I’d like to have a cleaning build that only reads in the newest transaction’s worth of data, but I’m struggling to figure out how to do this. If I look at the Spark performance of my current job, it spends an awfully long amount of time reading in the files:
Where are you transforming this data? In pipeline builder, transforms?
While there is a bit more of a complicated setup, using code repositories / transforms will give you more control. The best way to grab new rows would be to use the “added” mode in the input (docs).
Pipeline builder is a bit easier to set up but does not allow you to read the previous output. (docs). Make sure you have “incremental” selected on the input:
One debugging step would be if you’re already in transform to log the files present in your transaction to ensure you’re only reading from the latest files.
Do you have a lot of files per transaction? In the ingest settings, compacting the input files as only one file per transaction might help (if you don’t care about the names of the files).
Is there multiple transactions on the input dataset since your last build?

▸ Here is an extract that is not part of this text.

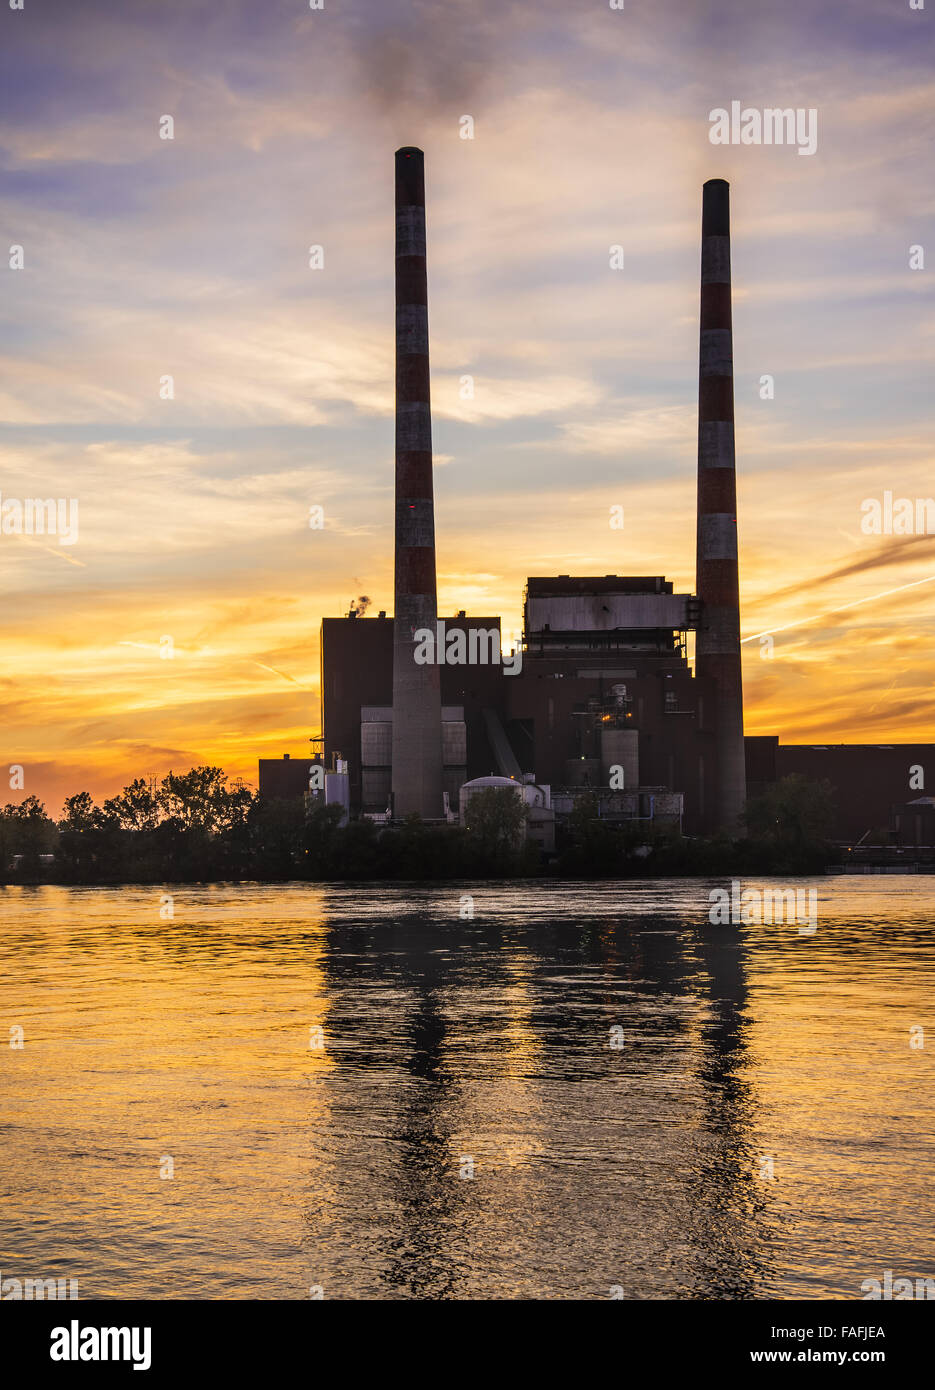 Tall Detroit Edison power plant smoke stacks at Sunset Stock Photo

Added will include everything since the last transaction on the output, not the most recent transaction on input.
Nope, typically only 2 files per txn (a data ingestion log and the parquet file with the data)
Hmm, there may be multiple transactions, but the downstream roughly builds right after the upstream finishes (we build the entire clean schedule right after the raw schedule, so sometimes the raw runs a few times before the whole clean finishes). At most there’d be four transactions, which still doesn’t equate to ~30k that it’s taking in right now
Are you by any chance referring to the following UI element in the history tab for the transaction/build?
If so, you may be misinterpreting what this means - this is simply telling you the latest dataset view that the build used, not the data that was actually “read in.”
A lot of things go on in the gap between the start of the timeline and the first Spark task execution stages (query plan generation, etc.) - you can’t assume that it’s just reading in the files in that time (and in fact, the actual reading of files should happen in the subsequent Spark tasks, unless you’re doing something custom with the filesystem API).